Review: Ametsa With Arzak Instruction

Food
August 7, 2013

Ametsa With Arzak Instruction; there’s a restaurant that’s just begging to be hated. It’s the first fine-dining export from the Arzak family, who have owned restaurants in foodie Mecca San Sebastián since 1897 (the current generation is lauded father-daughter combo Juan Mari and Elena).

Three Michelin starred Arzak is always there or there abouts in lists of the world’s best restaurants and now the family want to export some of that culinary cache, although not quite enough to call it Arzak London, which would have been a less messy and less pretentious name.

Anyway, lo and behold, when it opened a few months ago in Belgravia’s The Halkin Hotel, people did hate it. It does itself no favours – in fact, it seems to go out of its way to put your nose out of joint. The dining room is a barren vacuum that looks like a disused furniture showroom. White tables hang in a wide, grey space, like lonely exhibits in a shuttered gallery. Test tubes filled with grey and yellow spices dangle from the ceiling. They represent ideas, apparently, and the occasional red tubes are the good ideas. It takes a lot of bad ideas for every good one seems to be the gist of it; I suspect the test tubes themselves may have been a yellow idea.

I went for the 11-course set menu and first up was a selection of apertivos. Three parcels of scorpion fish mousse encased in wispy filo pastry were mounted on the spires of what looked like a piece of abstract art. It was deliciously pretentious, and also just plain delicious, with a satisfying contrast of textures. The rockfish mousse, which was sandwiched between two slices of crisped lotus root, was just as good. Chorizo mousse wrapped in thinly sliced mango flesh came, quite literally, on a pedestal; and rightly so – who knew that smoky sausage and sweet mango would make such a lovely couple? Only the tiny rectangles of foie gras on brioche fell short – overpowered by the cloying sweetness of stewed apple.

A Basque restaurant needs to get seafood spot on – Ametsa does. The standout dish was egg with squid “noodles” – long, tender strips of squid in rich black ink, with a breaded egg nestling in the middle. Once you’ve speared the egg, it’s a gloopy, opulent affair – a heavenly protein overdose.

Next came king prawns, spider crab and sweet corn, all squirreled away under a thick tangle of crispy noodles – well worth foraging for. A pair of scallops were served with a blood red balloon of cassava “soufflé”, which looked like someone had tried to sculpt a human heart out of poppadom and tasted of nothing at all.

By this stage, I was already approaching terminal capacity. Even writing this is giving me the sweats. I felt like Jared Leto’s mum at the end of Requiem For a Dream where she’s being chased by her refrigerator. That’s the problem with 11 course tasting menus – it’s easy to be gung ho at the start, only to realise you’ve gone through a month’s worth of calories and you’re not even at the meat course.

The tuna – the first of two “mains” – was a simpler affair: pink and well seasoned, although lacking oomph, even with the addition of a bilious green gherkin and caper sauce. It is, however, served with the best pickled onion you will ever eat.
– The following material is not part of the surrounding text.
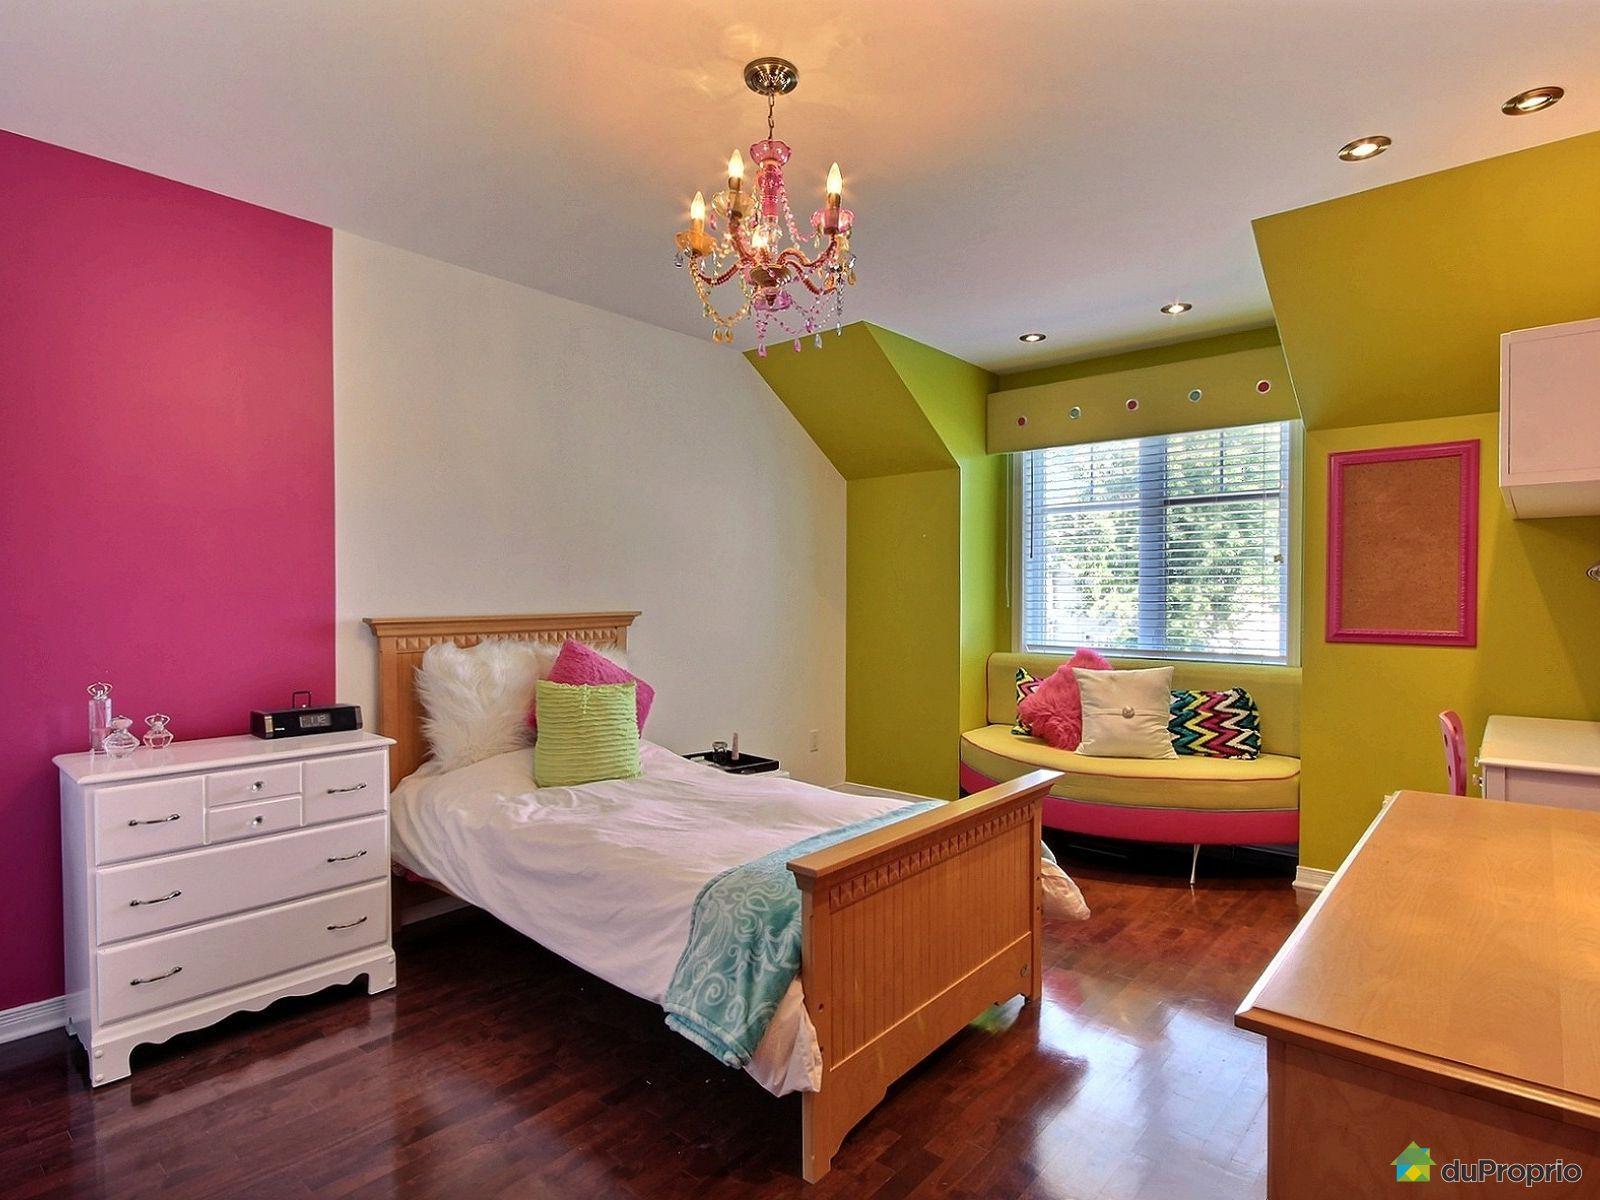 maison vendre repentigny 252 rue mond immobilier qu bec duproprio 716865. Black Bedroom Furniture Sets. Home Design Ideas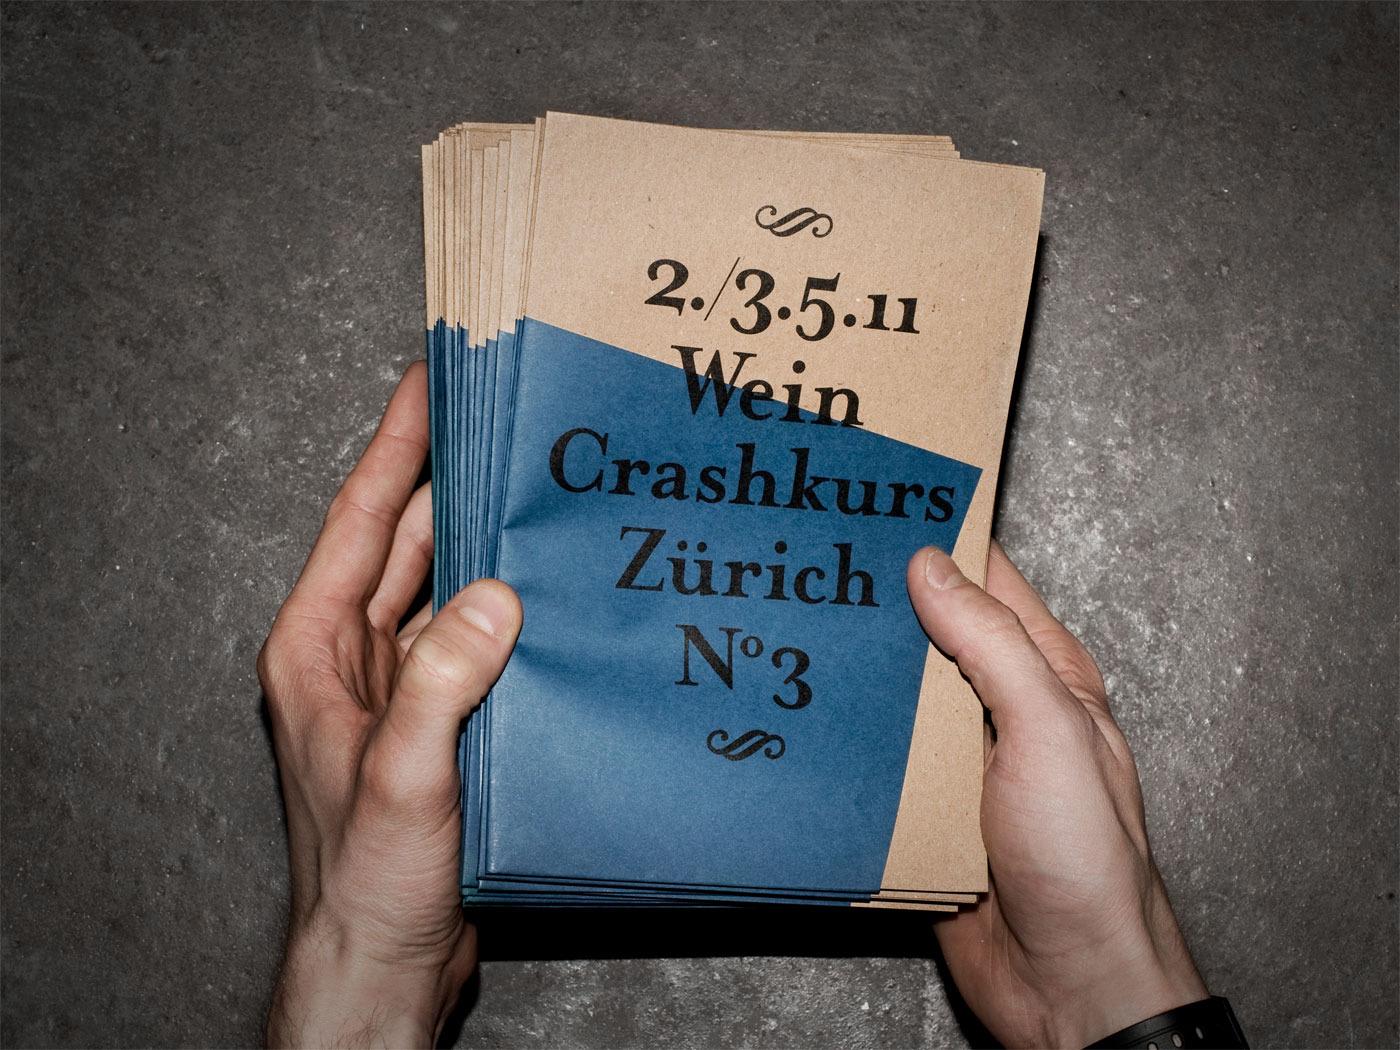 Bureau Collective – Wein Crashkurs

The pigeon with “shot” was the most artistically presented and the least appetising of the evening’s dishes. Pink shards rose like icebergs out of the plate, orbited by purple, orange and silver globules, the latter of which spilled a mercury river when skewered. The duck was average, though: not terrible but not demanding of superlatives, either.

Two desserts – pineapple ice cream with a toasted milk wafer and “moon rocks” of chocolate filled with liquid Cointreau – were OK, although by this point, I was forcing them down. They might have been the best desserts in the world, but food is a capricious beast and I’d have gladly swapped them for coffee and the cheque. I’d say you get your money’s worth, only I’m not convinced any meal is really worth £105 (excluding matched wine; £145 with), no matter how many courses.

Ametsa is fussy and extravagant. It revels in its own cleverness, occasionally – although, honestly, not very often – at the expense of making something that just tastes nice. But that’s the point. It does what it says on the tin – a tin that spouts dry ice when you open it.